It must be made clear that at the heart of Covert Operations is the denial by the "operator," i.e. the U.S. Government, of the existence of national sovereignty. The covert operator can, and does, make the world his playground . . . including the U.S.A.

Today, in the mid-1990's, the most important events of this century are taking place with the ending of the "Cold War" era, and the beginning of the new age of "One World" under the control of businessmen and their lawyers, rather than under the threat of military power and ideological differences. This scenario for change has been brought about by a series of Secret Team operations skillfully orchestrated while the contrived hostilities of the Cold War were at their zenith.

Two important events of that period have been little noted. First, on Feb. 7, 1972 Maurice Stans, Nixon's Secretary of Commerce opened a "White House Conference on the Industrial World Ahead, A Look at Business in 1990." This three-day meeting of more than fifteen hundred of the country's leading businessmen, scholars, and the like were concluded with this memorable summary statement by Roy L. Ash, president of Litton Industries:

. . . state capitalism may well be a form for world business in the world ahead; that the western countries are trending toward a more unified and controlled economy, having a greater effect on all business; and the communist nations are moving more and more toward a free market system.
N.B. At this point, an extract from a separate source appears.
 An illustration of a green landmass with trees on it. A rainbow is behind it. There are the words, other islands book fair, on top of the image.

The question posed during this conference on which a number of divergent opinions arose, was whether `East and West' would meet some place toward the middle about 1990.
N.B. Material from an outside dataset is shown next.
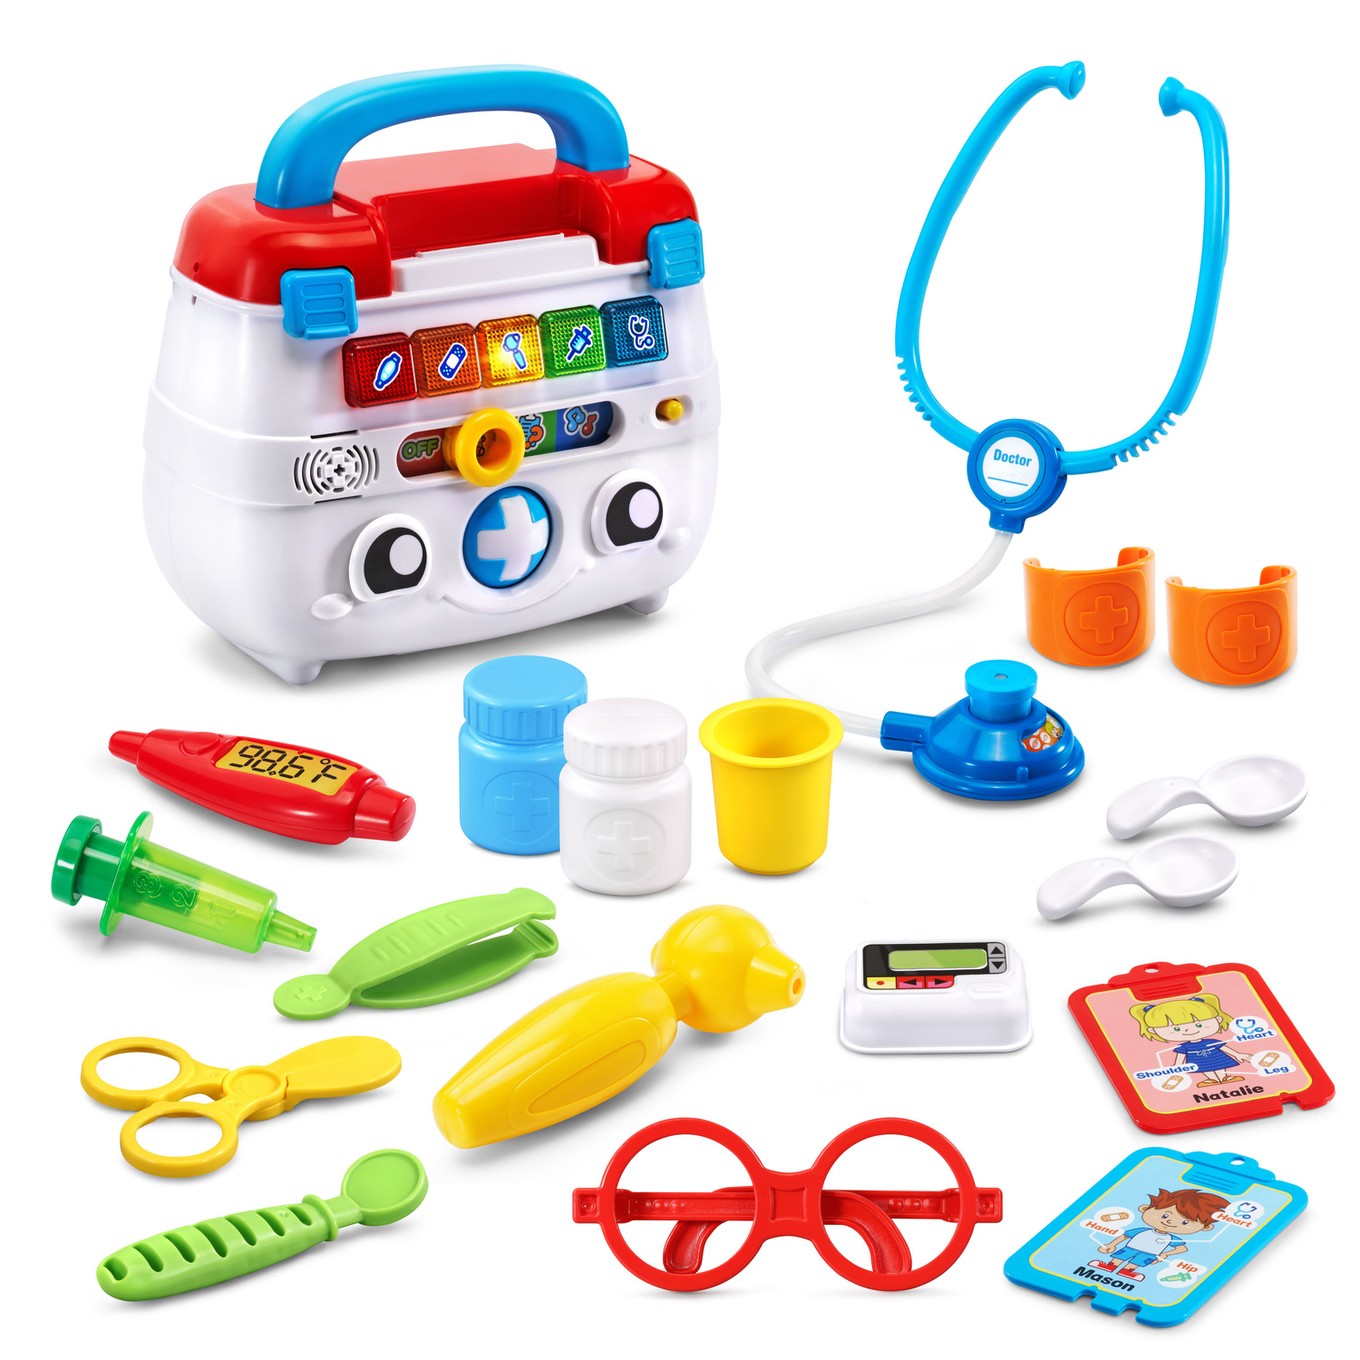 https://www.vtechtoys.com/assets/data/products/%7BF56545C7-5CAA-406A-BC75-0670A5BB98A5%7D/images/80-178370-Main_large.jpg

That was an astounding forecast as we consider events of the seventies and eighties and discover that his forecast, if it ever was a forecast and not a pre-planned arrangement, was right on the nose.

This amazing forecast had its antecedent pronouncements, among which was another "One World" speech by this same Roy Ash during the Proceedings of the American Bankers Association National Automation Conference in New York City, May 8,9,10, 1967.

The affairs of the world are becoming inextricably interlinked . . . governments, notably, cannot effectively perform the task of creating and distributing food and other essential products and services . . . economic development is the special capability and function of business and industrial organizations . . . business organizations are the most efficient converters of the original resources of the world into usable goods and services.

The flash of genius, the new ideas, always comes from the marvelous workings of the individual brain, not from the committee sessions. Organizations are to implement ideas, not to have them.

As a Charter Member of the American Bankers Association's Committee on Automation Planning and Technology I was a panelist at that same convention as we worked to convert the 14,000 banks of this country to automation and the ubiquitous Credit Card. All of these subjects were signs of the times leading toward the demise of the Soviet Union in favor of an evolutionary process toward One World.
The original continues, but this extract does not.